Justice of the Supreme Court of Nevada
- In office 1889–1895
- Preceded by: Orville R. Leonard
- Succeeded by: McKaskia Stearns Bonnifield

Attorney General of Nevada
- In office 1879–1883
- Preceded by: John R. Kittrell
- Succeeded by: William H. Davenport

Personal details
- Born: September 29, 1837 New York
- Died: October 26, 1909 (aged 72) Carson City, Nevada
- Spouse: Martha J. Myers (m. 1859; died 1892)
- Children: 5
- Occupation: Lawyer, Judge

= Michael A. Murphy =

American judge (1837–1909)

Michael Augustus Murphy (September 29, 1837 – October 26, 1909) was a Nevada attorney who served as attorney general of Nevada, and as a justice of the Supreme Court of Nevada from 1889 to 1895.

==Early life and education==
Born in New York, his parents had moved to McHenry County, Illinois, when he was but an infant, and he grew up on a farm in that state. In 1853, when he was 16 he sailed to California by the Nicaraguan route and joined a brother who had preceded him in Trinity County, where they engaged in mining and farming. The mining excitement at Aurora brought him to Nevada, arriving in the state on April 16, 1863.

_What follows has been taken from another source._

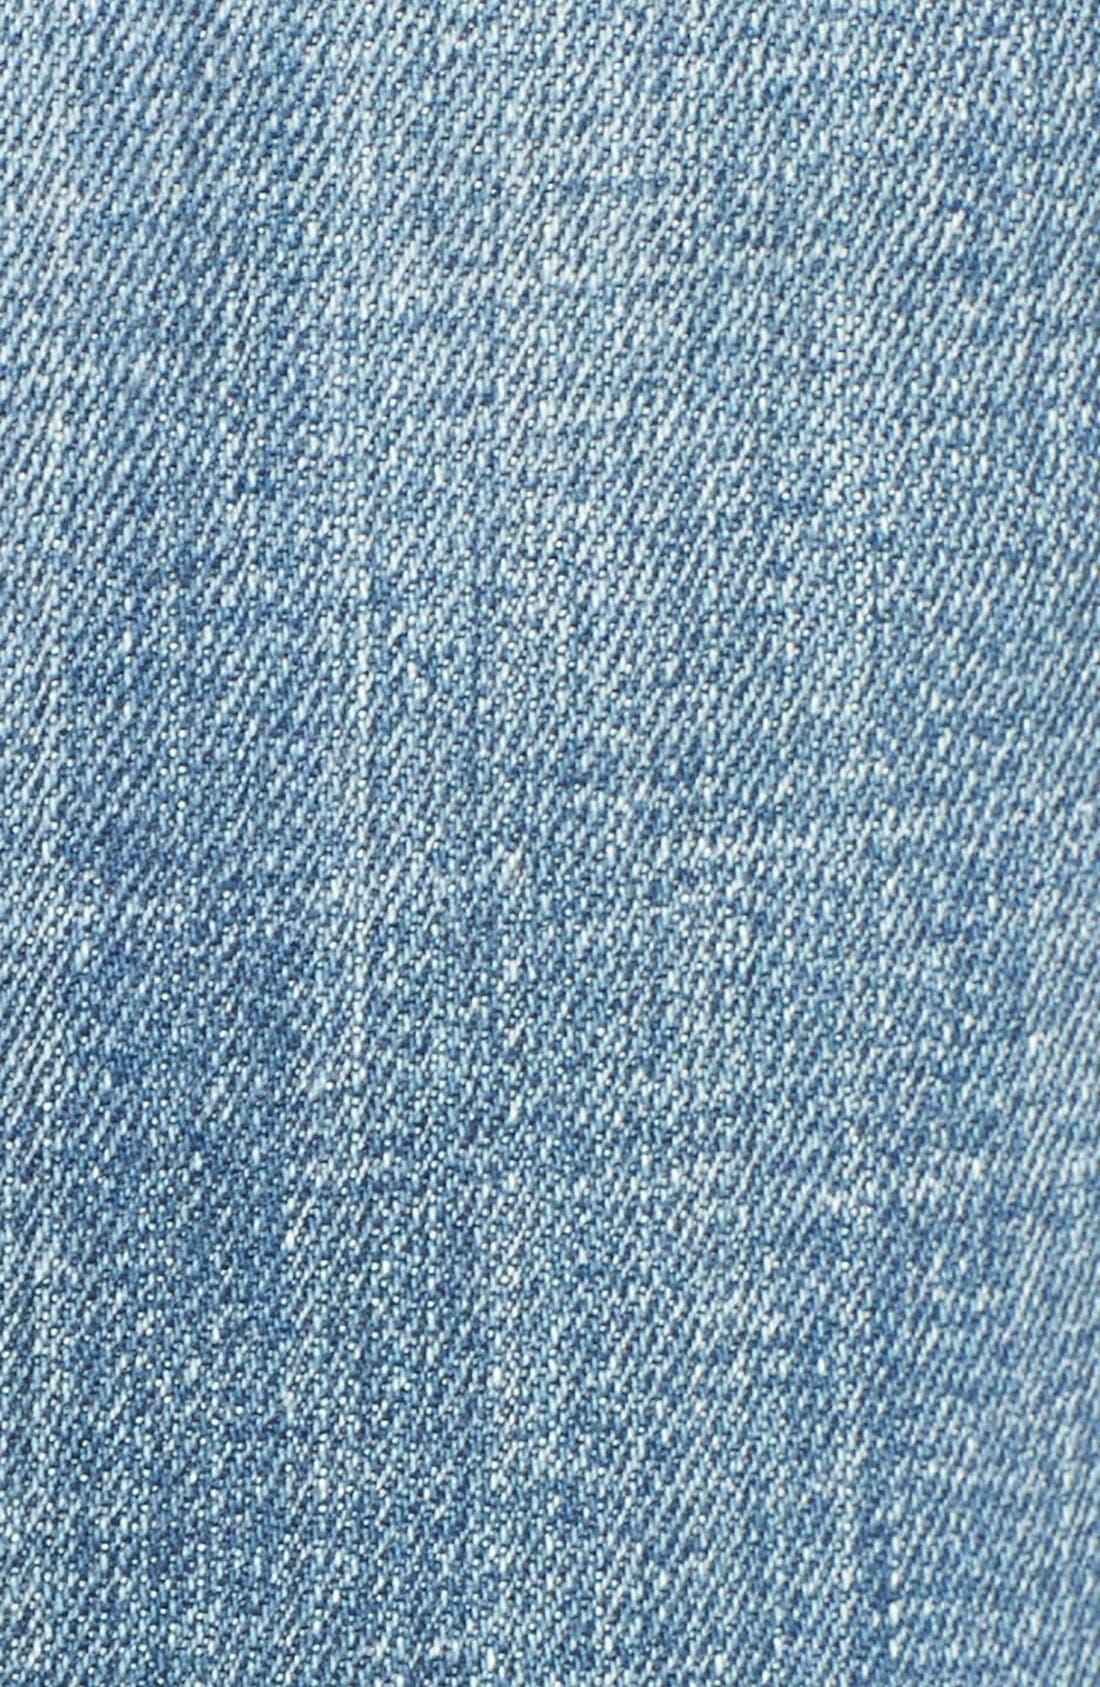 Alternate Image 5  - Vigoss 'Chelsea' Flare Jeans (Medium Wash)

He began reading law in 1859, and continued until 1867. He was admitted to the bar in Esmeralda County, Nevada. He had been active politically meanwhile, and in 1868 was elected assessor of Esmeralda county. In 1872 he was elected district attorney of the same county, and held the office for six years.

In 1878 the Republican Party nominated him for attorney general of Nevada. Although his opponent, the incumbent John R. Kittrell, was a strong candidate, Murphy was elected by a large majority. He held the office for four years.

==Judicial service==
In 1882, Murphy was not renominated by the Republican Party for another term as attorney general. He was instead nominated, and then elected, as a district judge, and also held that office for four years. At the end of his term in 1886, Murphy returned to private practice.

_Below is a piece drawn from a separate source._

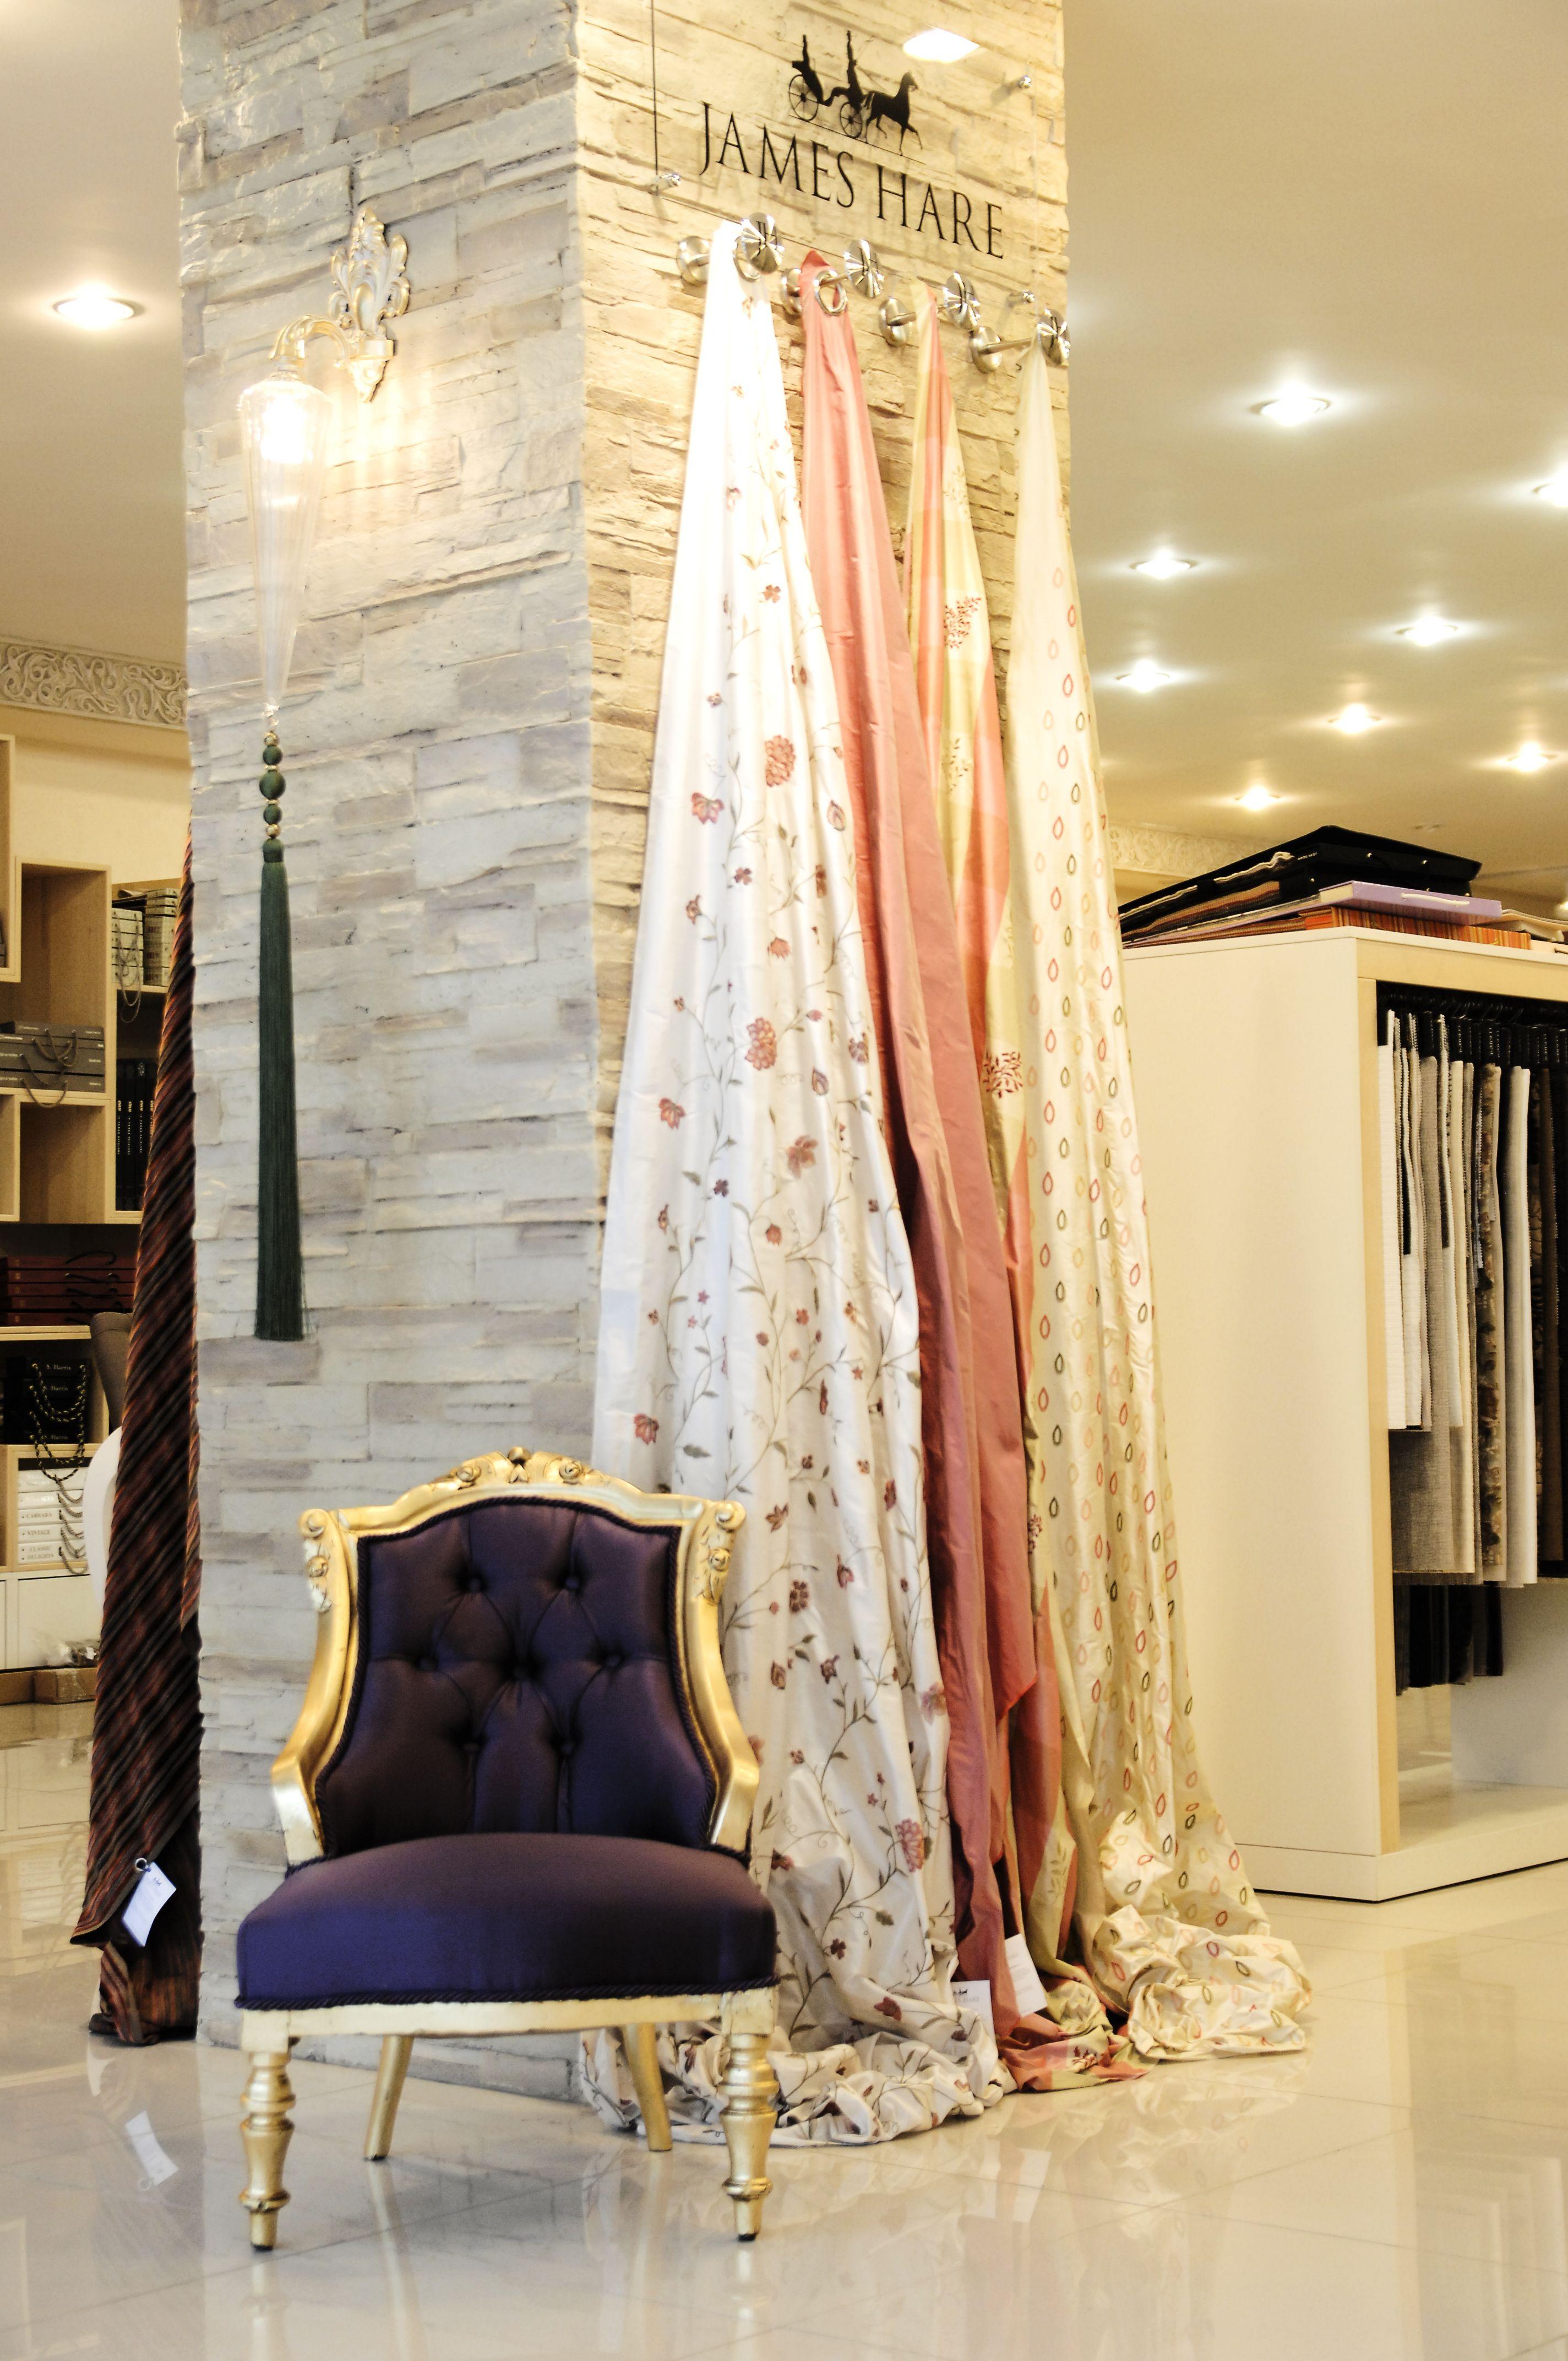 Ikon Perde Showroom Showroom Design Curtain Store Curtains

In 1888, he was elected judge of the supreme court of the state, taking office in 1889 and continuing in office for six years, until 1895. In 1898, Murphy once again won the Republican Party nomination for attorney general, but lost in the general election to the candidate from the Silver Party. In 1902 he was elected district judge of the first judicial district, which included Douglas, Esmeralda, Lyon, Ormsby and Storey counties. In this last election he was the only man on his ticket to be elected.

==Personal life and death==
In September 1859, he married Martha J. Myers, with whom he had five children. Martha died in 1892.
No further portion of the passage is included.